Sometimes, to win the national championship, it takes throwing 56 passes. It takes completing 36 of them. It takes throwing for 420 yards against a vaunted defense. It takes three touchdowns and no interceptions. It takes the game of a lifetime.
To win the national championship, it also takes rushing for 43 rough-and-tumble yards when the other team is hell-bent on your own personal destruction. It takes weaseling out of sure sacks, throwing darts into tight windows, and showing poise under pressure.
Deshaun Watson did those things. He did them early. He did them late. He did them on the game’s final drive—a nine-play, 68-yard, two-minute journey to the end zone. At the end, he scored on his final meaningful snap.

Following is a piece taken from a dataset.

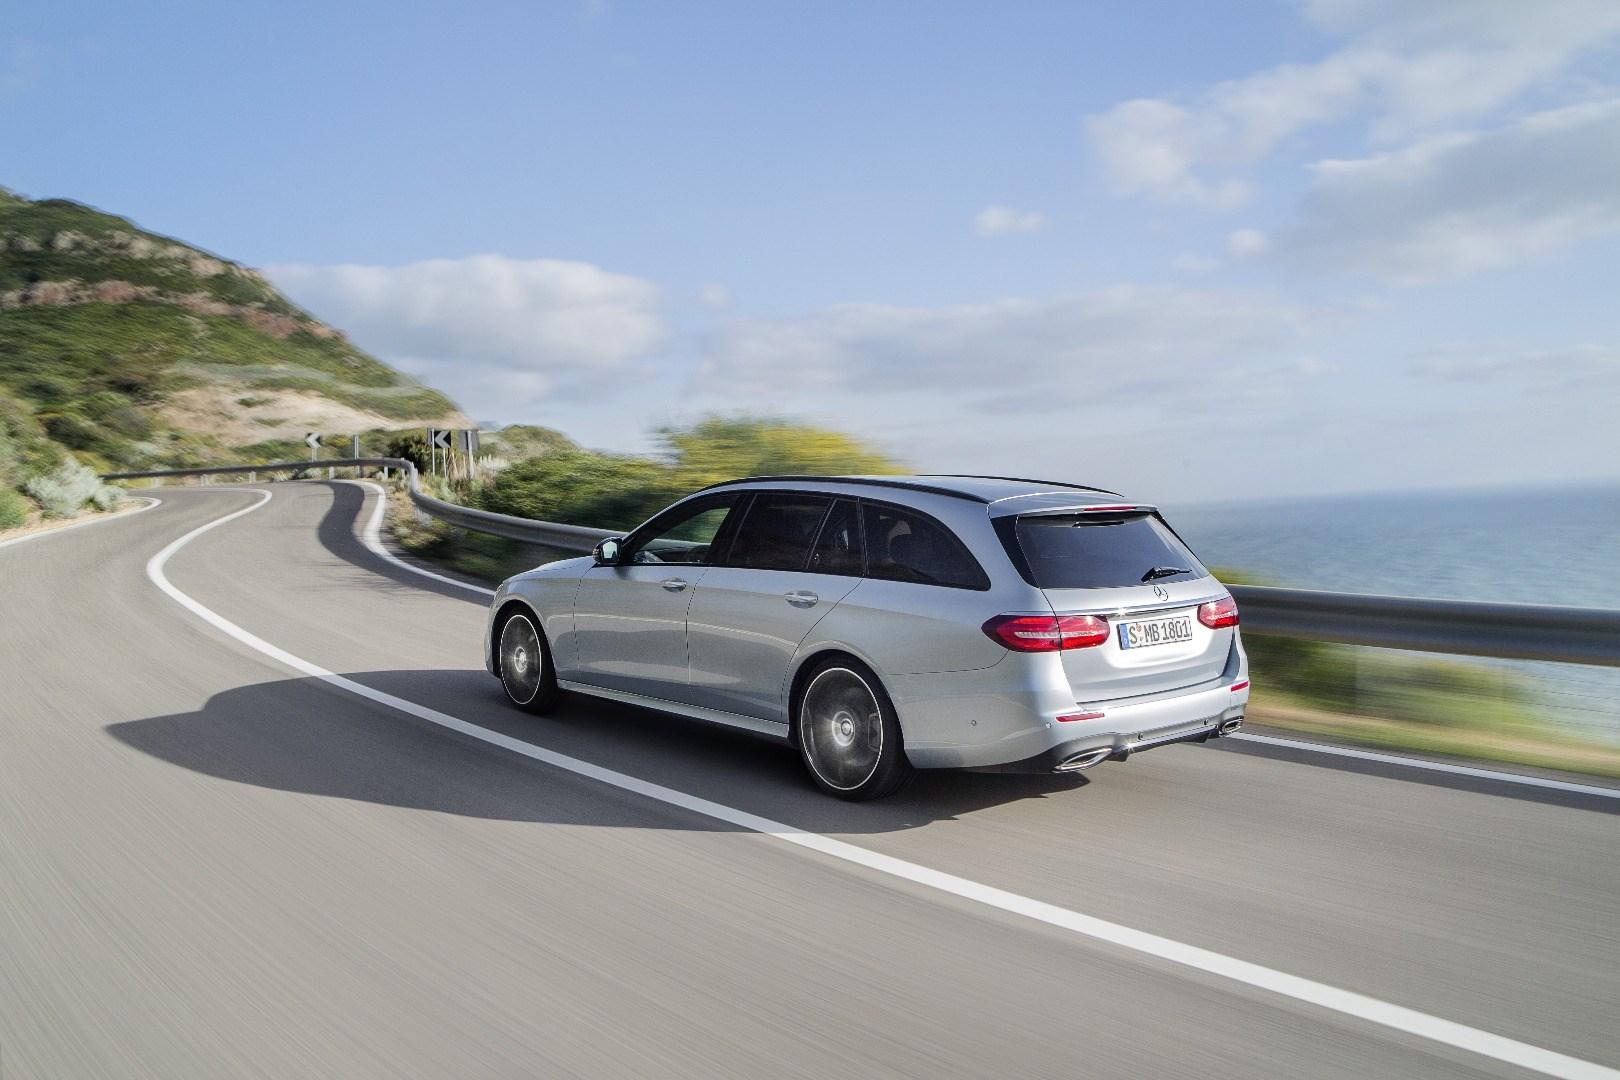 Mercedes-Benz E Class All Terrain To Debut In Paris Thumbnail

The man he threw the football to for the deciding score was Hunter Renfrow. He did the things you have to do to win the national championship.
Sometimes, you have to catch ten passes against the nation’s top pass defense as a former walk-on. You have to score two touchdowns against that defense, for the second year in a row. You have to amass 92 receiving yards, mostly on underneath throws against blanket coverage.
You have to make future NFL cornerbacks wish they hadn’t opened their mouths or messed with you. Most importantly, you have to haul in a two-yard pass from Watson with a single second remaining on the clock to clinch your school’s second national title—the first in 35 seasons.
Champions need two Players of the Game. Clemson got them, and it got the trophy, too.